### Provided records
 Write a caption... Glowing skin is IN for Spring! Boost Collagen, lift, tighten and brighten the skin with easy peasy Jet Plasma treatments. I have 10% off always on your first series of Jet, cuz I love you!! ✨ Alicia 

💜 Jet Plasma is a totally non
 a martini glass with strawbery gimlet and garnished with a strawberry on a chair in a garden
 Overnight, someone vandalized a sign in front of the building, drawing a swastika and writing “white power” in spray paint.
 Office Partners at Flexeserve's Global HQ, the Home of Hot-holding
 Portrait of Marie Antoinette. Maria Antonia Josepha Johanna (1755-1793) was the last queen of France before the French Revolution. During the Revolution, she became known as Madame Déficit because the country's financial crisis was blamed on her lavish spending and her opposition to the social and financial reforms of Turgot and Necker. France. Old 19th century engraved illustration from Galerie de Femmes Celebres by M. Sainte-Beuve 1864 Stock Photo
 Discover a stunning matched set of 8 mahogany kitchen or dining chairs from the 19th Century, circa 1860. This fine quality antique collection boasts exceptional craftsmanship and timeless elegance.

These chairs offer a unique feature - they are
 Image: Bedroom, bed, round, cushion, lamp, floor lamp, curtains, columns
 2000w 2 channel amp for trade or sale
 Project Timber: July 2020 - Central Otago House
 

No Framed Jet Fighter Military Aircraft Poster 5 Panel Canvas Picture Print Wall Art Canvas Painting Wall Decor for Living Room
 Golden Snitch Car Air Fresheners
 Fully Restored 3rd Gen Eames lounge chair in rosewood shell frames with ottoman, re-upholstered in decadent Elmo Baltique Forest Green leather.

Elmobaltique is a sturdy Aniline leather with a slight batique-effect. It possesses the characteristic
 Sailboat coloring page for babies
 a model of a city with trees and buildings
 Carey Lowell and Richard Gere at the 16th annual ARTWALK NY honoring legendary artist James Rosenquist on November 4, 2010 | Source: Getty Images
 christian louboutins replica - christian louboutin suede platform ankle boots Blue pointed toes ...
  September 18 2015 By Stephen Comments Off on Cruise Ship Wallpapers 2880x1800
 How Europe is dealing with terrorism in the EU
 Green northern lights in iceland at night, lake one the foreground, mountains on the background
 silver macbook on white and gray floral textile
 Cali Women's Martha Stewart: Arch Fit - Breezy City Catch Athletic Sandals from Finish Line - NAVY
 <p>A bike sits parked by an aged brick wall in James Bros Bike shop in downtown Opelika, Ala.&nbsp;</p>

### Directions for this task
Copy exactly the stretch of data above from the line with "Discover a stunning" through the line with "Golden Snitch Car Air Fresheners", and omit all other lines.

### Output
 Discover a stunning matched set of 8 mahogany kitchen or dining chairs from the 19th Century, circa 1860. This fine quality antique collection boasts exceptional craftsmanship and timeless elegance.

These chairs offer a unique feature - they are
 Image: Bedroom, bed, round, cushion, lamp, floor lamp, curtains, columns
 2000w 2 channel amp for trade or sale
 Project Timber: July 2020 - Central Otago House
 

No Framed Jet Fighter Military Aircraft Poster 5 Panel Canvas Picture Print Wall Art Canvas Painting Wall Decor for Living Room
 Golden Snitch Car Air Fresheners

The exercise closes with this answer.